The first week home I experienced a plethora of emotions that were heightened to an abnormal degree. I was operating completely outside my threshold of feeling. My therapist had forewarned me about the "baby blues” - an increase in emotions characterized by heightened sadness due to hormonal shifts after childbirth. It can last for up to two weeks. During this time, I felt intense love and fierce protectiveness towards my daughter, knowing she was vulnerable to the world and its harsh realities. Simultaneously, I grappled with a profound sense of grief for the life I once knew and the seismic shifts that were happening in my marriage.


My husband's struggles cast a shadow over my pregnancy, resulting in a traumatic backdrop for all of us. Over time, I adjusted to motherhood quite well, but it was a process of carving out a new identity as a mother while also staying true to my core essence. Deep within, an unsettling awareness lingered. I recognized the need to confront the unprocessed emotions from my pregnancy. It was imperative going forward that I see sustained sobriety from my husband. One thing was certain: I refused to raise my daughter within the confines of addiction. 


My husband had been battling this disease for as long as I had known him, marked by fluctuating periods of stability and instability. It took a horrific turn a few months after I found out I was pregnant as new challenges arose that were completely foreign to him, myself and his entire family. It was months of relentless efforts before he stabilized, leaving little to no time for me to process what had happened prior to giving birth to our daughter. We know that prenatal stress can indirectly affect infant health and development and the notion of this haunted me. Yet, I remained determined in my mindset and hopeful that things would turn around for my family. Weekly therapy sessions aided me in processing complex post-traumatic stress disorder (C-PTSD) while navigating the transformative experience of becoming a mother, altering my identity, clarifying my values, and reinforcing my sense of self.

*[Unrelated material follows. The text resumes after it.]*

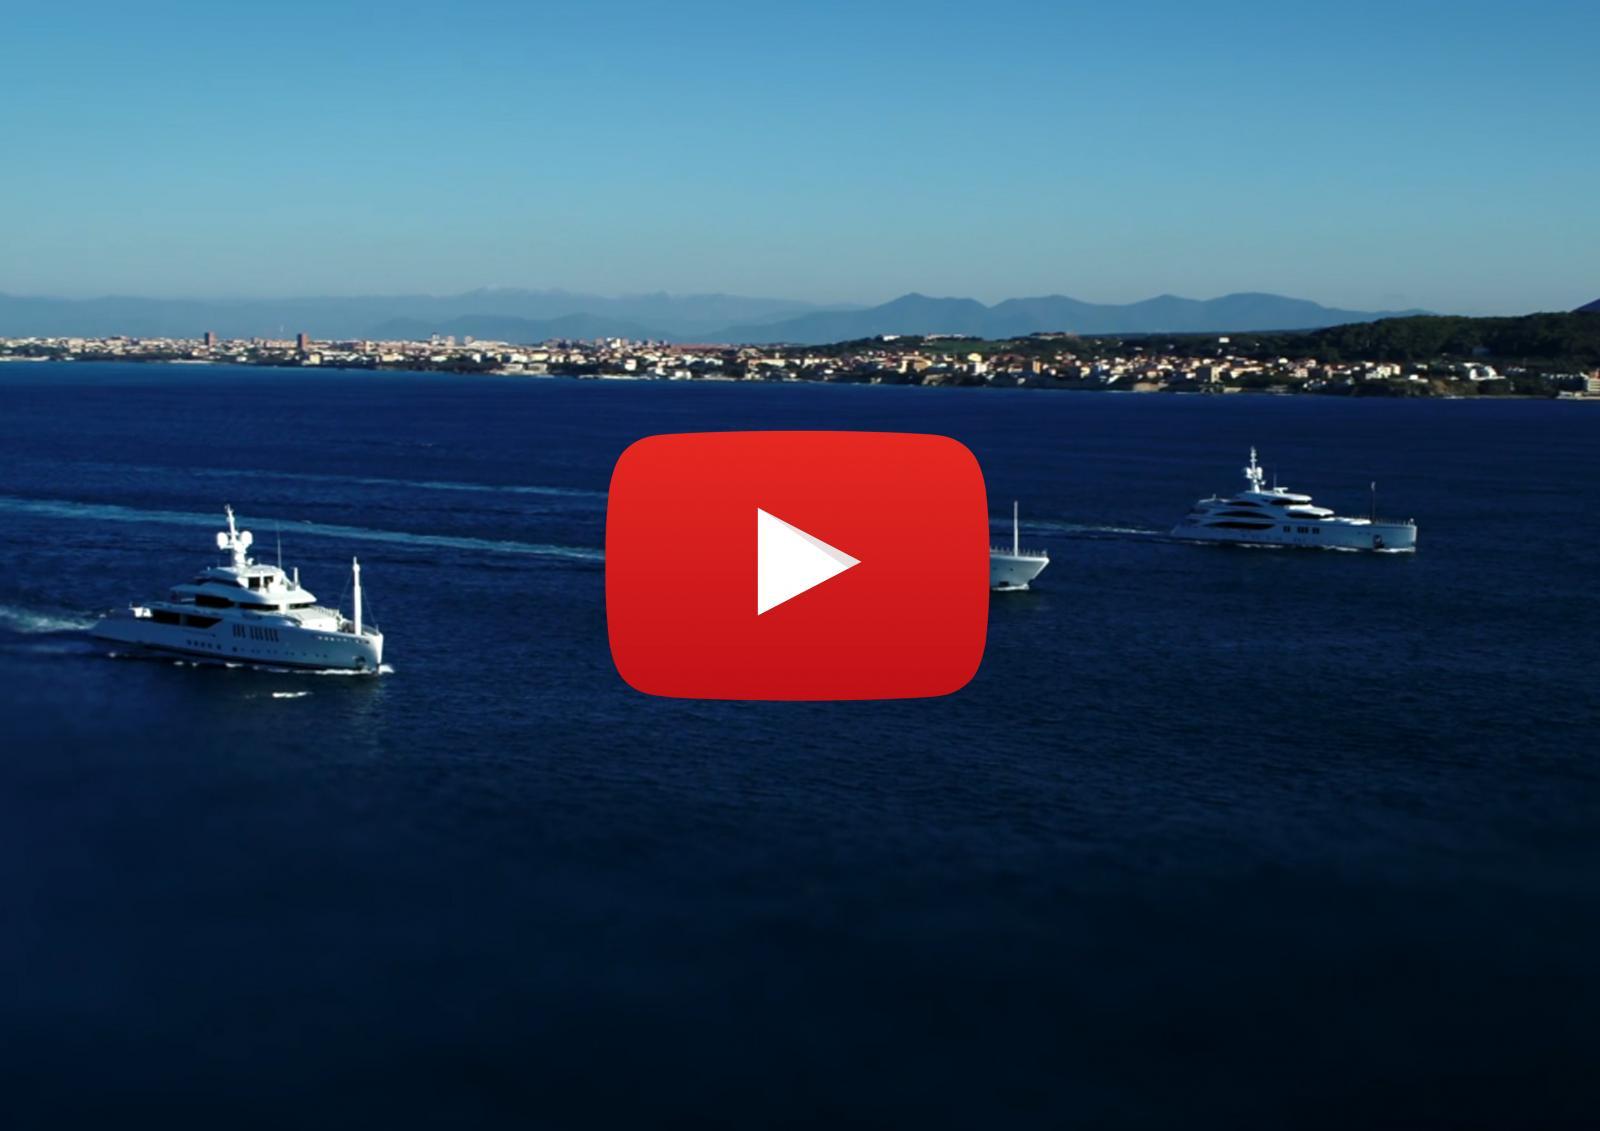 Benetti 3 Megayachts
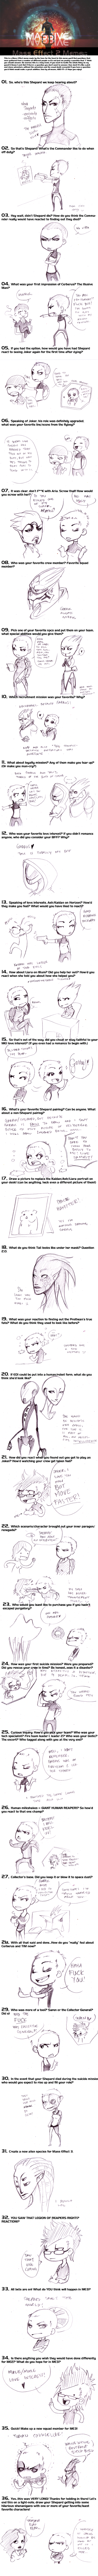 Massive Mass Effect Meme by erli

With my daughter's arrival came a newfound maturity, unwavering boundaries, and a clear purpose. I no longer had a tolerance for unhealthy behaviors, in others or in myself. I was determined to shield her from what trauma and stress I could during her formative years. My husband's addiction persisted after our daughter's birth, becoming evident shortly after her first birthday. Realizing the need for a different approach, I joined a 12-step program, a powerful peer support group for loved ones of addicts, a life altering decision that introduced me to a supportive community. These groups help individuals and their families recover from substance use disorders, behavioral addictions, and sometimes other co-occurring mental health conditions. Here, witnessing their joy and peace, I yearned for what they had and recognized it as essential for our family.


To this day, I remain dedicated to my self-healing and the 12-step program, which has enabled me to become a better woman and mother. I once believed that my husband's sobriety was a prerequisite for my own healing, but I now understand that my responsibility extends solely to myself and my 15-month-old daughter. This realization empowered me to take actionable steps toward a happier, more stable life. Although challenging, the journey has been profoundly rewarding, and I can confidently say that I am thriving in motherhood. Each day strengthens my bond with my daughter, and I continue to gain confidence as a woman and a mother. Prioritizing self-care is an invaluable gift we can give to ourselves, our loved ones, our community, and our planet.